Consider parsing and modeling facts as integer-linear inequalities

[reinerp]

I think the problem statement and applications of Wuffs are great, thanks for developing it!

---

I observe that:

1. Proving facts using the axioms in axioms.md is somewhat brittle, or something of a hassle. The logic checking system doesn't natively know many theorems that humans consider obvious, e.g. commutativity of addition, grouping of terms, etc. At least in my preliminary experience playing with Wuffs-the-language, I found this to be a sufficiently frustrating experience that it turned me away.

2. All of the axioms in axioms.md are theorems of linear programming, i.e. linear algebra plus inequalities. There are no axioms from more advanced theories, e.g. axioms from e.g. polynomial arithmetic.

3. The theory of linear programming is especially simple, in two key ways:
   a) Any facts (inequalities) that can be proved under this theory can be proved by just one derivation rule: the new fact (inequality) is a linear combination of existing facts (inequalities).

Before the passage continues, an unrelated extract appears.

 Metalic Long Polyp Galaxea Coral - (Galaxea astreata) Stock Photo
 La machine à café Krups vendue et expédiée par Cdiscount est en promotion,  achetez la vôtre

See https://en.wikipedia.org/wiki/Farkas%27_lemma#Logic_interpretation.
   b) Efficient decision procedures exist for this theory: they are guaranteed to terminate (prove or disprove the theorem) in polynomial time, and they are fast in practice too. They are far more reliable in practice than the solvers on nonlinear arithmetic that you reference elsewhere as being problematic with e.g. SMT solvers like Z3.

Based on these I suggest that:

(i) Wuffs could parse facts into integer-linear form: normalize them into boolean ANDs of expressions equivalent to sum_i lhs_integer_literal[i] * expression[i] <= rhs_integer_literal.

(ii) Give users a syntax to prove assertions by the "this assertion is a linear combination of existing assertions" derivation rule. This single derivation rule is sufficient to subsume all axioms currently in axioms.md as well as the simplify function in assert.go.

(iii) [Much more weakly held position given the complexity and compile-time tradeoffs.] Consider automatically proving assertions using an LP solver.

---

Some further commentary:

• wrt (i), the normal form would be something like: struct { LHS map[Expr]int; RHS int }. The mere act of parsing into this normal form produces a stronger set of simplifications than assert.go's simplify function can perform: for example, it can simplify terms like (x + y) - x down to y.

• wrt (ii), note that most LP solvers can produce an "infeasibility certificate", i.e. exactly the linear inequality needed to prove a theorem as a linear combination of the hypotheses as described in (ii). The existence of a certificate, allows separating into two Wuffs compilation modes: a "checker" mode which requires that all assertions have certificates present, i.e. specify the linear combinations of other assertions that prove this assertion; and a separate "LP-solver" mode which produces such certificates for the assertions in the code which don't have them already. This split into modes allows the "checker" to be very fast and simple. Happily, the LP solver does not need to be part of the trusted computing base.

• Wrt (iii), even though the theorems we're talking about are integer-linear inequalities, I'm suggesting here to use the real relaxation (LP) rather than modeling it as an integer linear programming (ILP) problem. The latter is NP-hard to decide; the former is polynomial-time to decide.

• Wrt (iii): I would guess that on small problems like the theorems in Wuffs programs, the LP solvers are extremely fast -- likely meeting your compile time goal of "subsecond" by far. That said, I haven't done the exercise of writing out the theorem statements from an actual Wuffs program and timing the solver on them.

[nigeltao]

That's a very interesting comment. I hadn't thought of canonicalizing to integer-linear form but it makes sense.

Re-doing the axioms system isn't a short-term priority, but I'll keep thinking about it. Thanks!